Default behaviour	Deny-all. An empty `CapabilityManifest` means the sandboxed code has no network, no filesystem, no env access.
How to harden	Use `QuickJSKernel` or `WasmtimeKernel` rather than `JsKernel` (Node.js `vm`) for production. The `vm` module is lightweight but shares the host V8 heap; true WASM isolation requires a WASM-based kernel. Set `cpuMs` and `memoryLimitBytes` to bound runaway loops.
What is NOT covered	`JsKernel` (Node.js `vm`) does not provide WASM-level isolation — the host process memory is theoretically reachable via prototype-chain attacks on unpatched Node versions. Use it only in controlled dev environments.

2. Tool abuse

Scenario: The model calls write-class tools (write_file, delete_file, patch_file) without explicit authorisation, either through error, prompt drift, or injection.

Aspect	Detail
Mechanism	`CapabilityManifest.extraCapabilities` — only tools listed can be invoked from within sandboxed code. `ApprovalPolicy` / `needsApproval` — write-class tool wrappers consult a rule-based policy before executing; if `needsApproval` returns `true`, the agent emits an `await_human_input` event and suspends until the operator confirms.
Default behaviour	`ApprovalPolicy.permissive()` — no rules, all writes run free (suitable for dev).
How to harden	Switch to `PolicyPresets.strict()` (every write requires approval) or `PolicyPresets.balanced()` (dotfiles, env files, deletes, and large writes require approval; small source-file edits run free).
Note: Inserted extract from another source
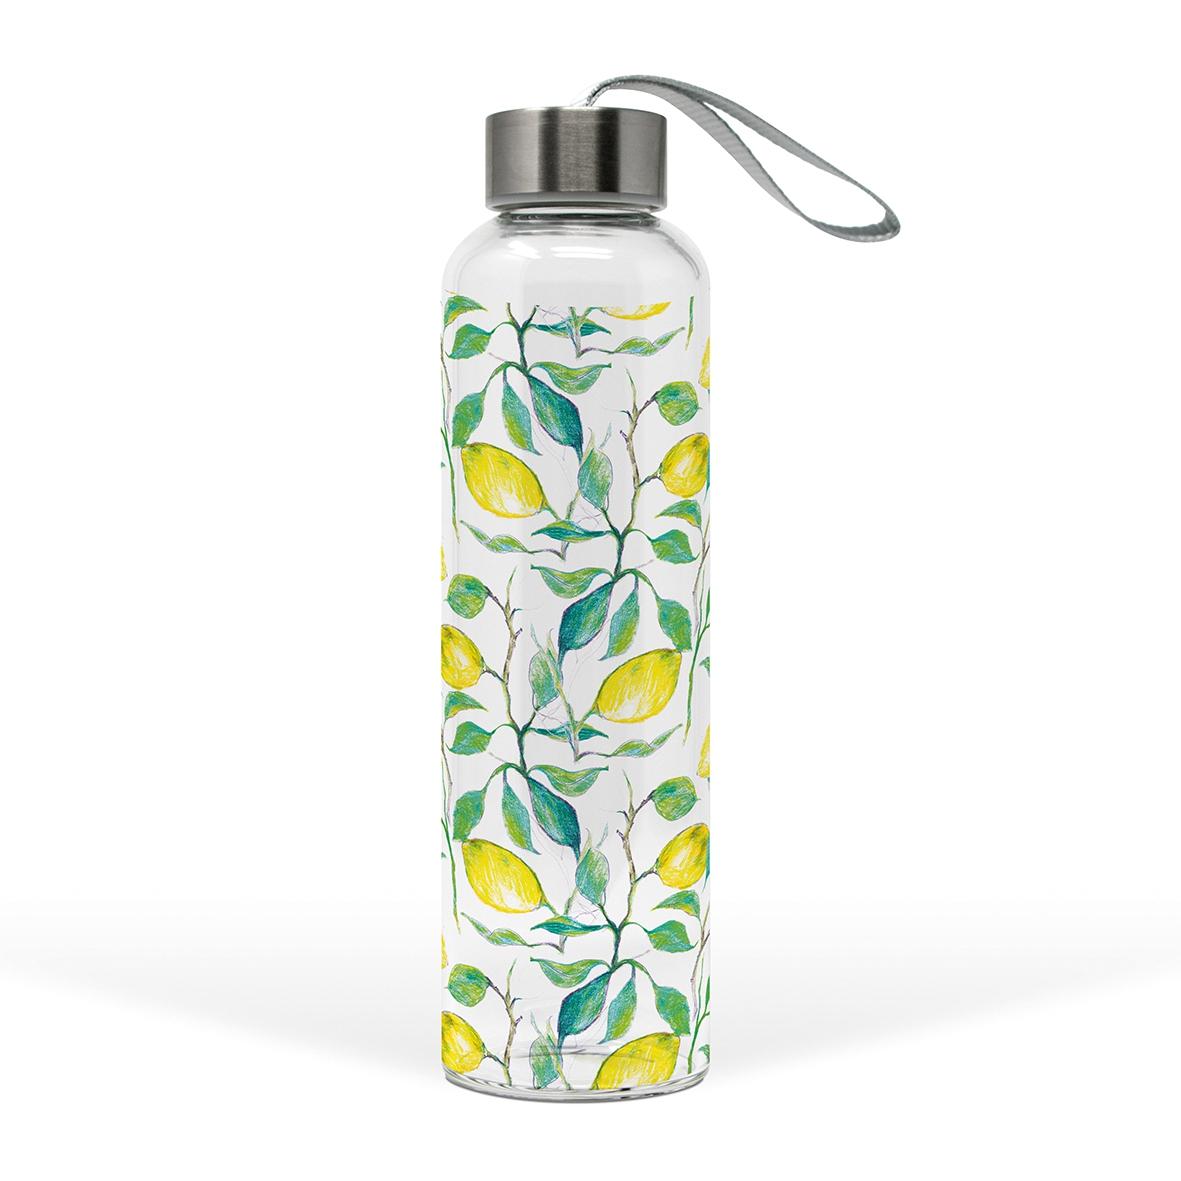 Glasflasche - Wunderschöne Zitronen

Wire the `await_human_input` event to your approval UI. Example:
	`applyApprovalPolicy(PolicyPresets.strict(), tools)`
What is NOT covered	Tool selection within the LLM's reasoning trace — the policy intercepts at execution time, not at intent time. A governance layer (e.g. `intentAlignmentGuardrail`) should check intent before the tool call reaches the kernel.

3. Prompt injection

Scenario: Content retrieved by the agent (web pages, file contents, tool outputs) contains adversarial instructions that redirect the agent away from the original task.

Aspect	Detail
Mechanism	Three layers: (S1) `classifierGuardrail` — runs a separate model call to classify task/output for injection; (S2) `intentAlignmentGuardrail` — checks each proposed tool action against the original task before execution; (S3) `codeGuardrail` — static pattern scan of generated code before it enters the kernel.
Default behaviour	No guardrails are wired by default — enabling them requires explicit construction. `isUntrusted: true` can be set on `ToolUseStep` to tag external-origin content in history.
How to harden	Wire `classifierGuardrail` as an `InputGuardrail` and `OutputGuardrail`. Set `onError: "closed"` for fail-closed behaviour on classifier failures. Use `intentAlignmentGuardrail` as a `ToolGuardrail` for high-privilege tools. Pin the `systemPrompt` so the original instructions cannot be overwritten by appended user content.
What is NOT covered	No classifier is 100% accurate. Use guardrails as one layer in a defence-in-depth stack, not as a sole gate. A sophisticated adversary with knowledge of the classifier model's policy may craft bypasses.

4. Result injection (build-result forgery)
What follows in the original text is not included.